Financial Reporting Standard No. 29 ‘Financial Instruments: Disclosures’ (FRS 29). FRS 29 sets out the requirements for the presentation of, and disclosures relating to, financial instruments, and replaces the disclosure requirements of FRS 25 ‘Financial Instruments: Disclosure and Presentation’. The Company is exempt from the requirements of FRS 29 because the Company is included in AstraZeneca PLC’s publicly available Consolidated Financial Statements for 2007, which include disclosures that comply with IFRS 7, the equivalent International Financial Reporting Standard.

The Company has also adopted Amendment to FRS 26 ‘Financial Instruments: Measurement’, UITF Abstract 42 ‘Reassessment of Embedded Derivatives’ and UITF Abstract 45 ‘Liabilities arising from Participating in a Specific Market – Waste Electrical and Electronic Equipment’. The adoption of these standards and abstracts did not have a significant impact on net results, net assets or disclosures of the Company.

UITF Abstract 44 (IFRIC 11): ‘FRS 20 (IFRS 2) Group and Treasury Transactions’ has been issued but has not yet been adopted by the Company.

Foreign currencies

Profit and loss account items in foreign currencies are translated into US dollars at average rates for the relevant accounting periods. Assets and liabilities are translated at exchange rates prevailing at the date of the Company balance sheet. Exchange gains and losses on loans and on short term foreign currency borrowings and deposits are included within net interest payable. Exchange differences on all other transactions, except relevant foreign currency loans, are taken to operating profit.

Taxation

The charge for taxation is based on the result for the year and takes into account taxation deferred because of timing differences between the treatment of certain items for taxation and for accounting purposes. Full provision is made for the effects of these differences. Deferred tax asset valuation allowances are made where it is more likely than not that the asset will not be realised in the future. These valuations require judgements to be made including the forecast of future taxable income. Deferred tax balances are not discounted.

Accruals for tax contingencies require management to make judgements and estimates in relation to tax audit issues. Tax benefits are not recognised unless the tax positions will probably be sustained. Once considered to be probable, management reviews each material tax benefit to assess whether a provision should be taken against full recognition of that benefit on the basis of potential settlement through negotiation and/or litigation.

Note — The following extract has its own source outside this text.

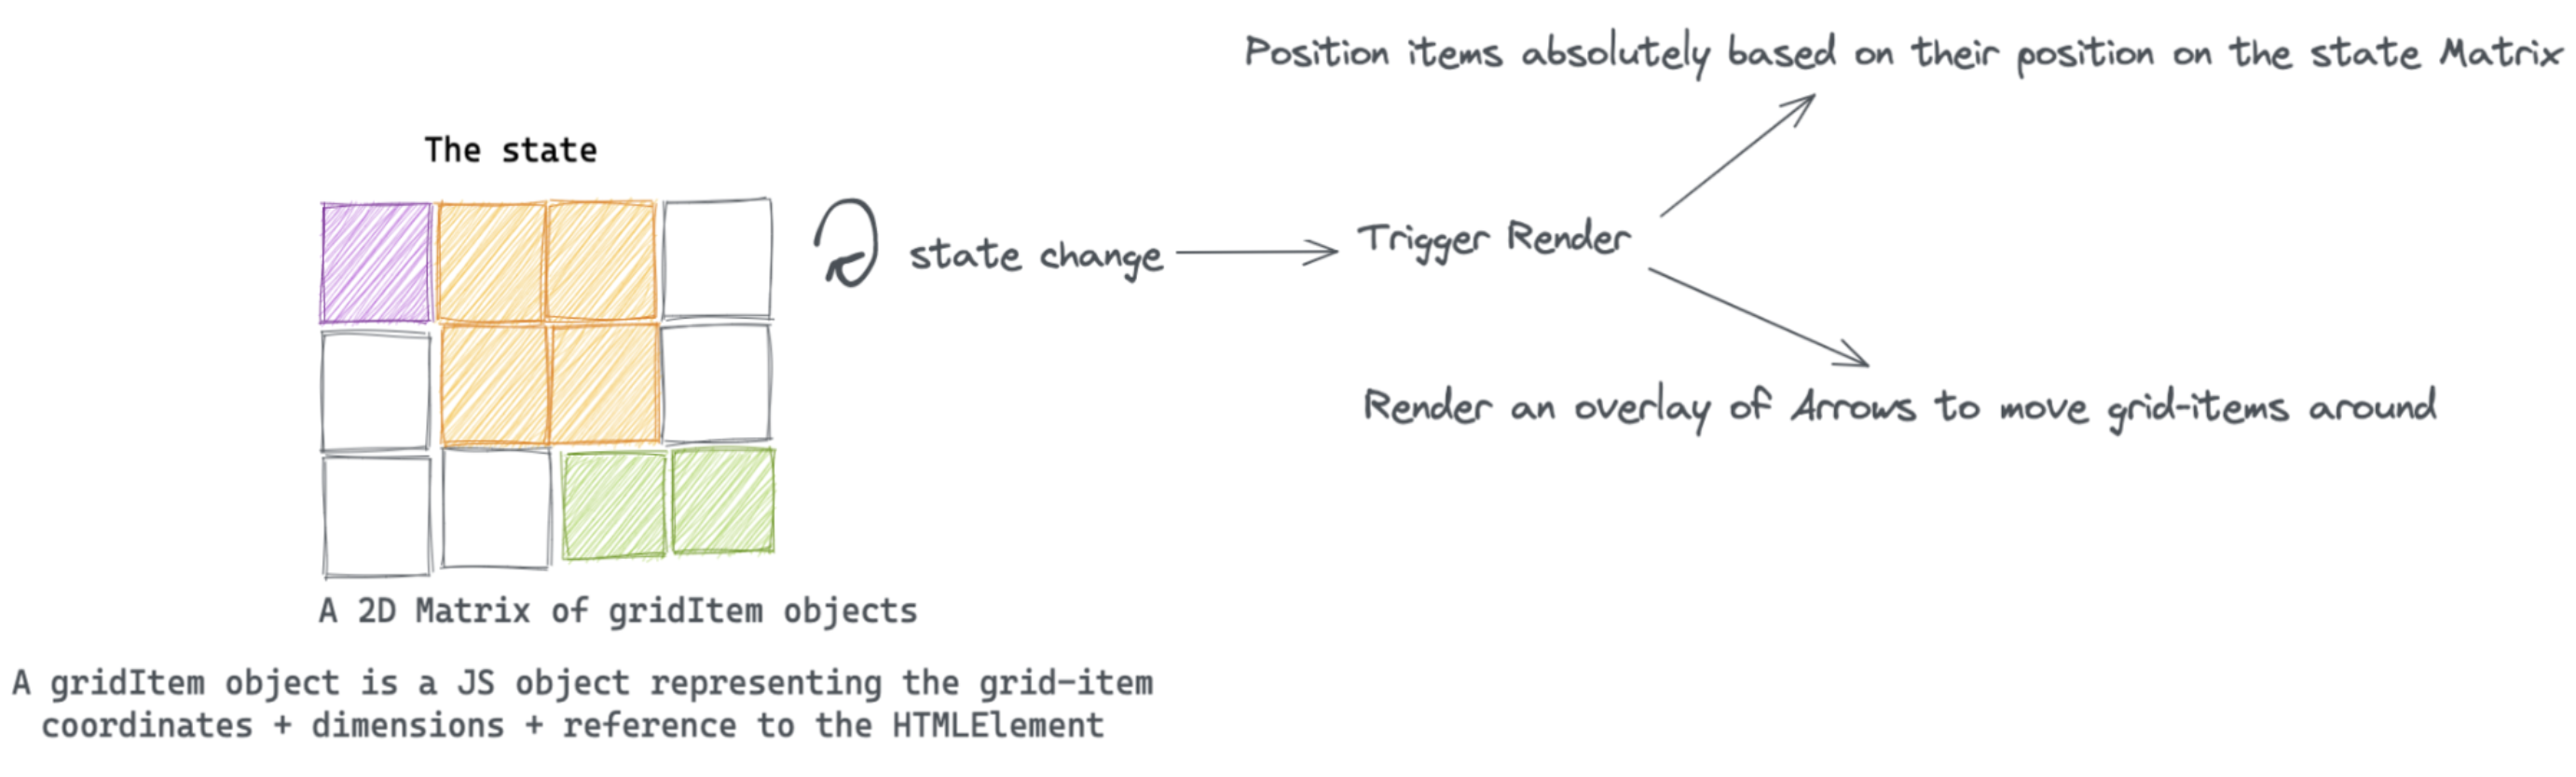 State change triggers re-rendering

Any recorded exposure to interest on tax liabilities is provided for in the tax charge. All provisions are included in creditors due within one year.

Investments

Fixed asset investments, including investments in subsidiaries, are stated at cost and reviewed for impairment if there are indications that the carrying value may not be recoverable.

Financial instruments

Loans and other receivables are held at amortised cost. Long term loans payable are held at amortised cost.

Contingent liabilities

Through the normal course of business, AstraZeneca is involved in legal disputes, the settlement of which may involve cost to the Company. Provision is made where an adverse outcome is probable and associated costs can be estimated reliably. In other cases, appropriate descriptions are included.